A gingerbread house appears**.  

A friend with sick children at home stops by to bring hot cornbread*** and wish us merry Christmas.   

Kids who first attended this event in their parents' Baby Bjorns now tower over us.  Even more incredibly, they converse directly with adults and each other without the aid of electronic devices.  They are fueled by soda and sugar.   And chili.  Clearly we will need to make more chili next year.  But no fewer corn dogs.  The adults are eating the corn dogs.   

A steady downpour means the crowd that normally spreads out across the yard is packed indoors****.  Like my waistline, the house expands to accommodate the overflow seemingly without effort.  Instead of being a disaster, it is cosy and wonderful to have everyone so close.
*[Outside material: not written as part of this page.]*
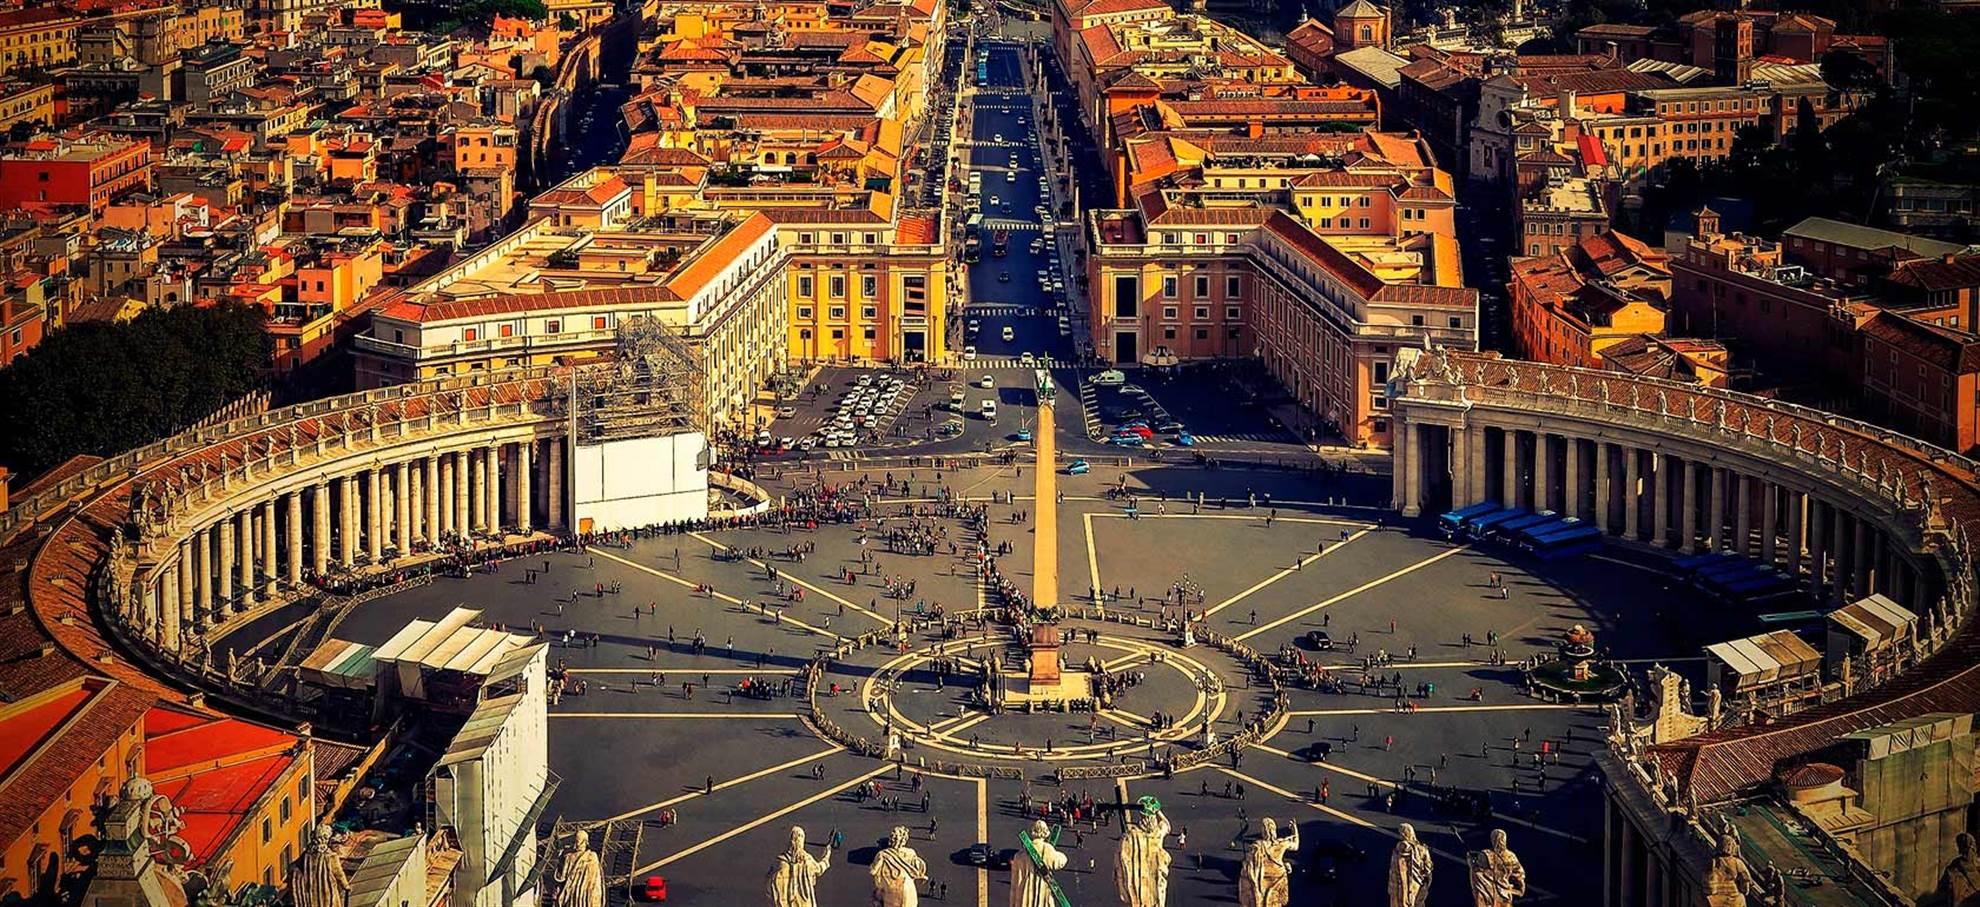 Vatikanische Museen & Sixtinische Kapelle
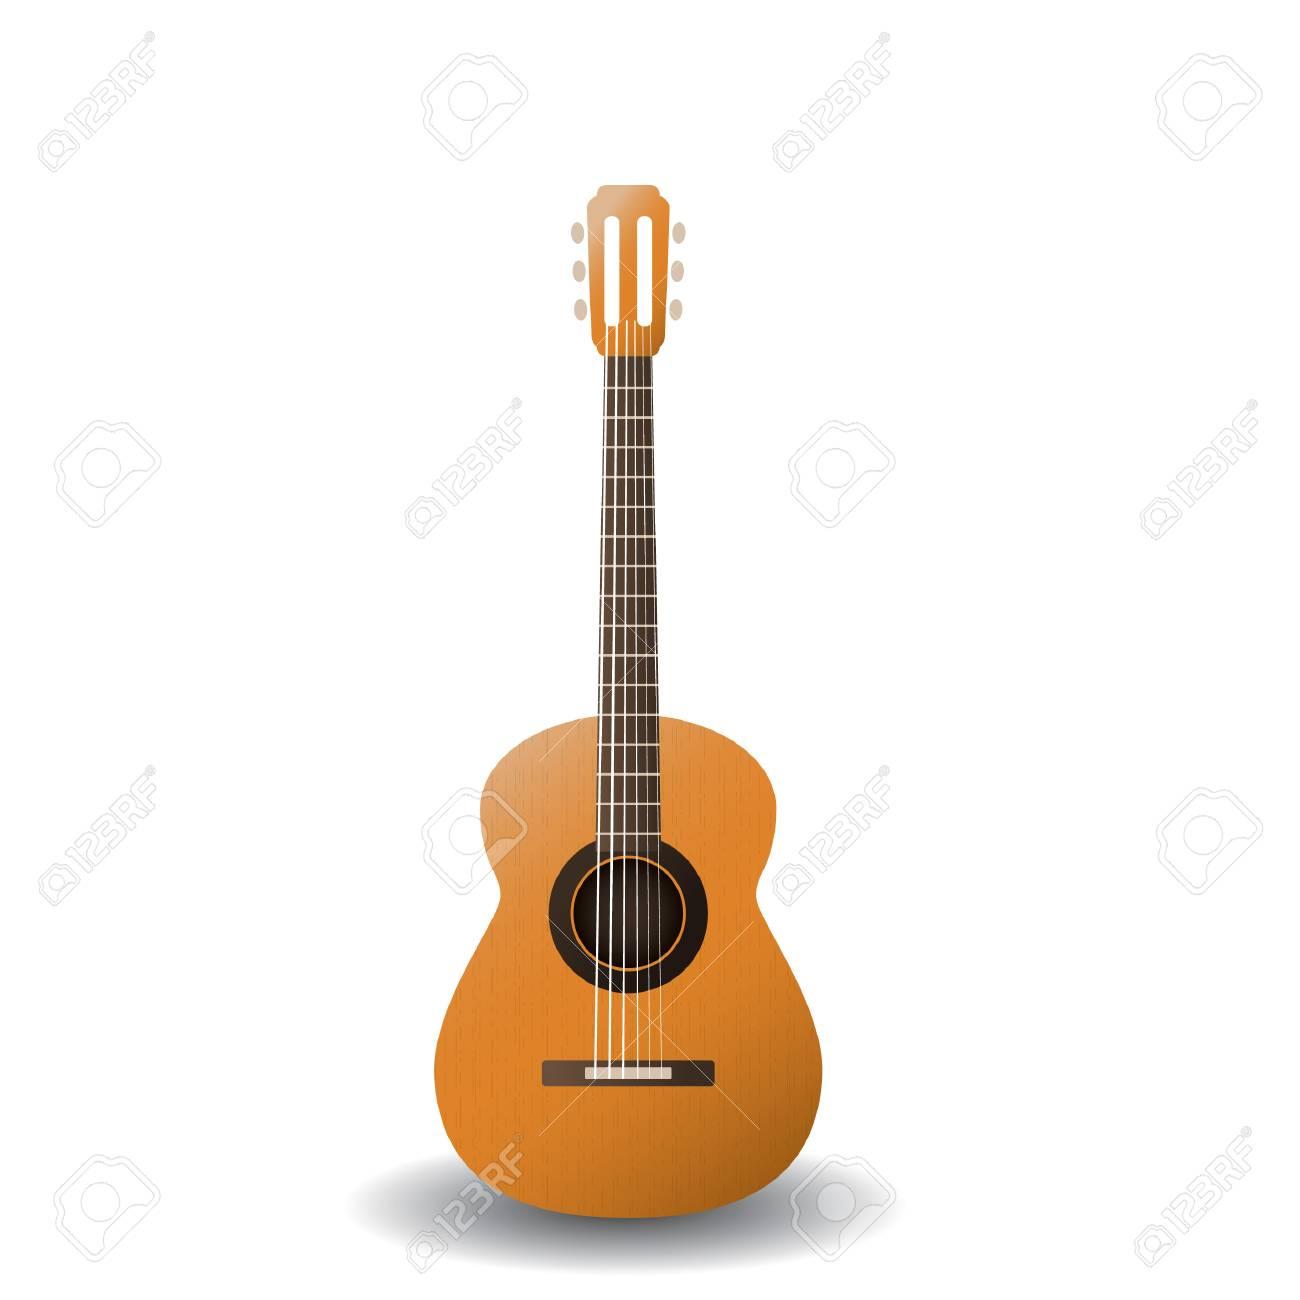 acoustic guitar - 106668264

There is an enchanted dessert room.   With silver reindeer and Peanut Butter Bacon Brittle Cookies.  Hot coffee to go with the Kahlua Cream Cheese Chocolate Bites.   Candles glimmering among the Lemon Icebox Squares, the Mini Pecan Tarts and the Chocolate Almond Tassies.  Ginger Hermit Bars and Graham Cracker Toffee Squares nestle near Deep Dark Chocolate Cookies.  And, just out of the oven and filling the room with its irresistible perfume of vanilla, my sister's Cream Cheese Pound Cake.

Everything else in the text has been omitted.